PROMPT >> Only the lines in the entries below from the line with "Creative and Media" to the line with "Deliverable D5.2 Final", both included, belong in the answer, transcribed exactly and without pictures.

DATA FOR REVIEW >>
-=-=-

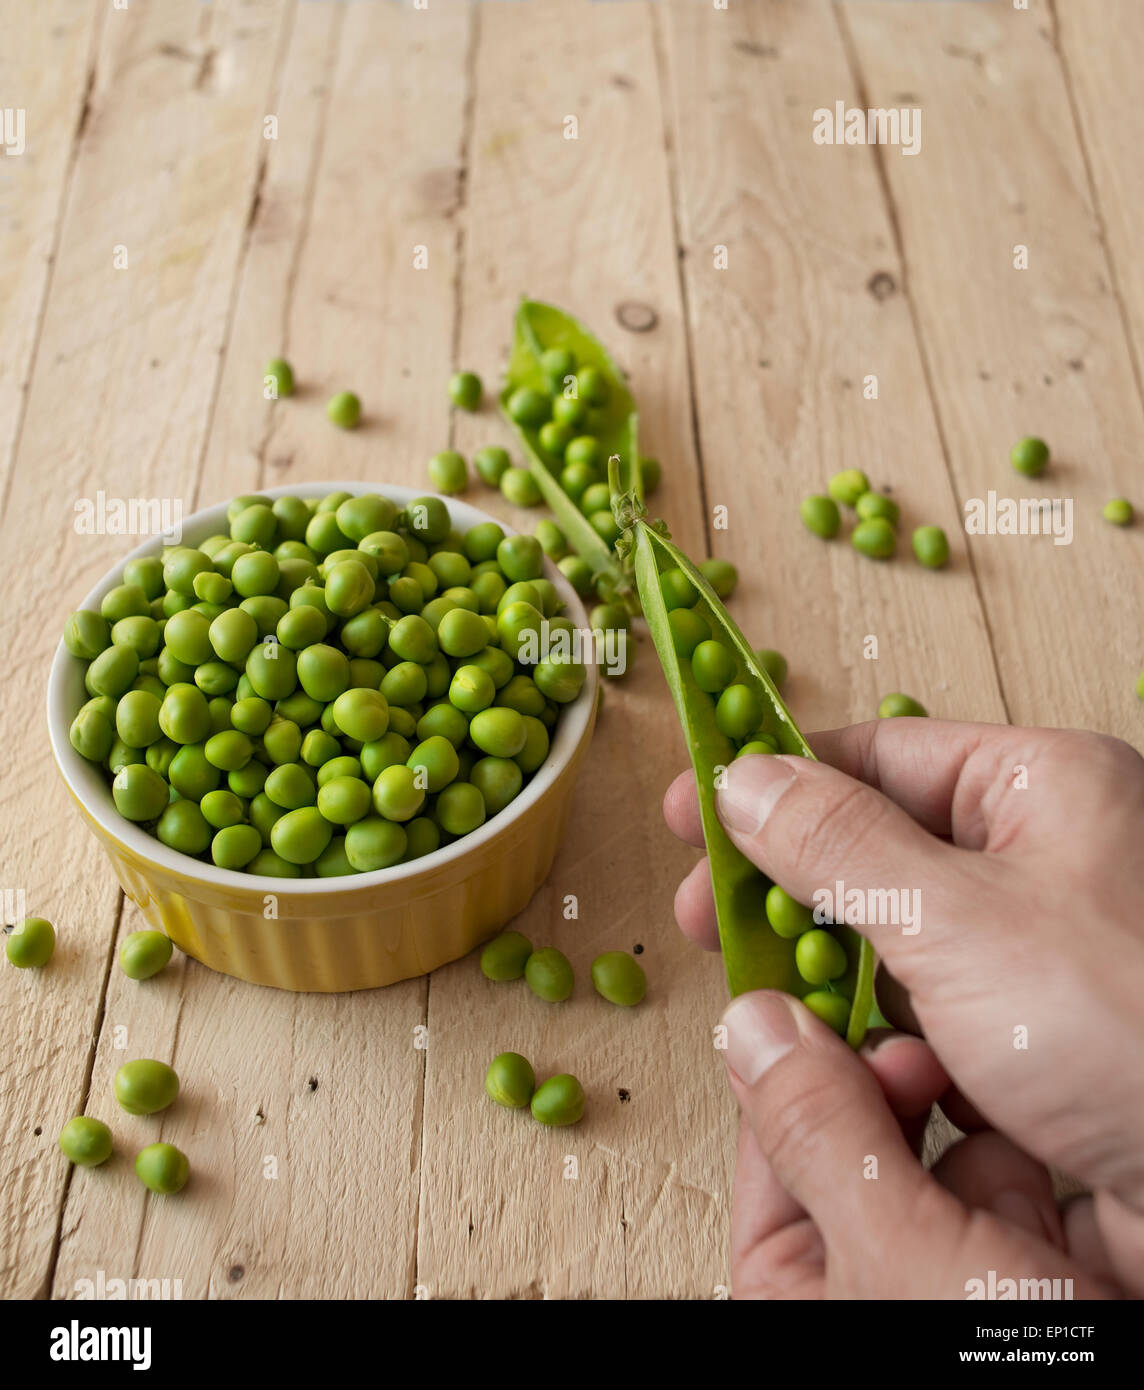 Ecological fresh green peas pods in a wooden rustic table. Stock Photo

-=-=-

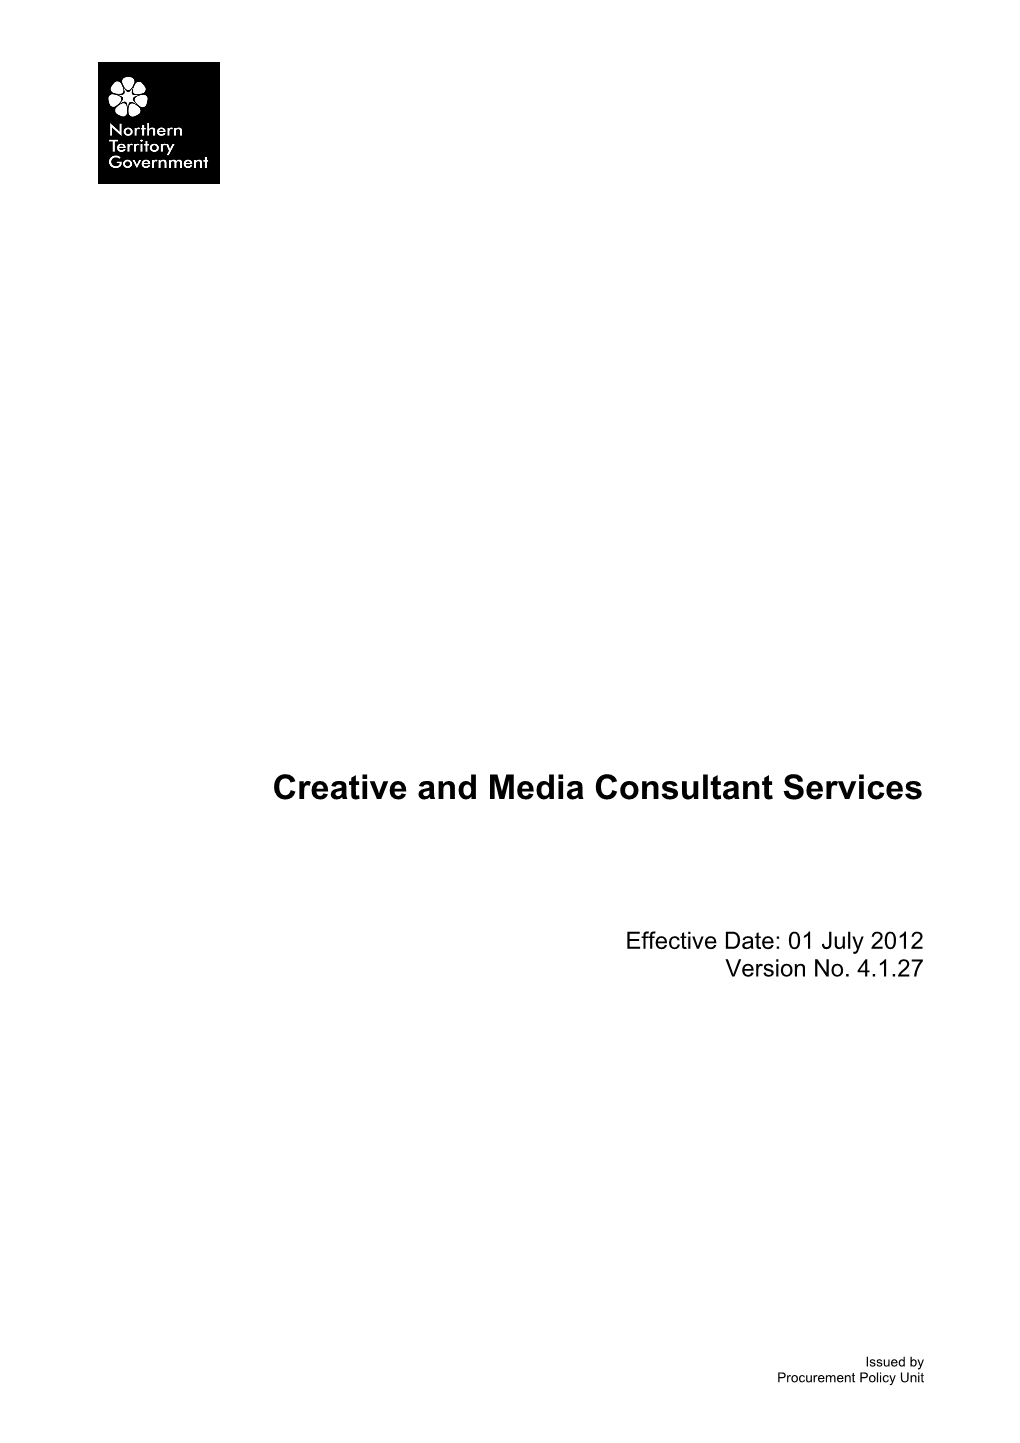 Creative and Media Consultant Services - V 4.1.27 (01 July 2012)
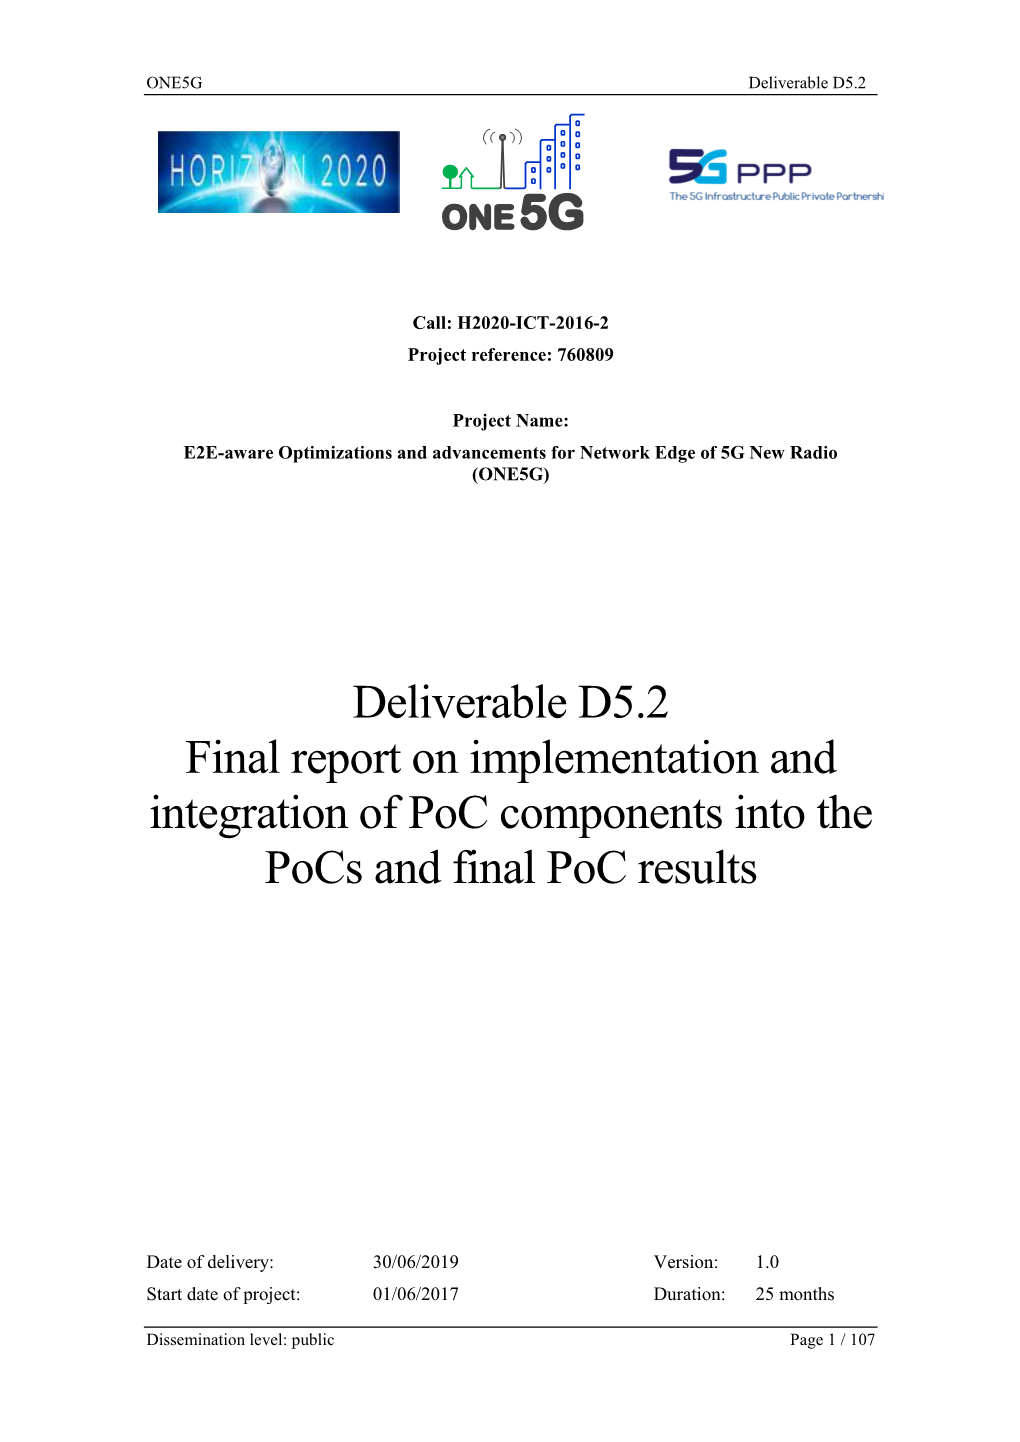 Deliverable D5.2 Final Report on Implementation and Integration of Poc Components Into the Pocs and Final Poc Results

-=-=-

YOUR RESPONSE >>
 Creative and Media Consultant Services - V 4.1.27 (01 July 2012)
 Deliverable D5.2 Final Report on Implementation and Integration of Poc Components Into the Pocs and Final Poc Results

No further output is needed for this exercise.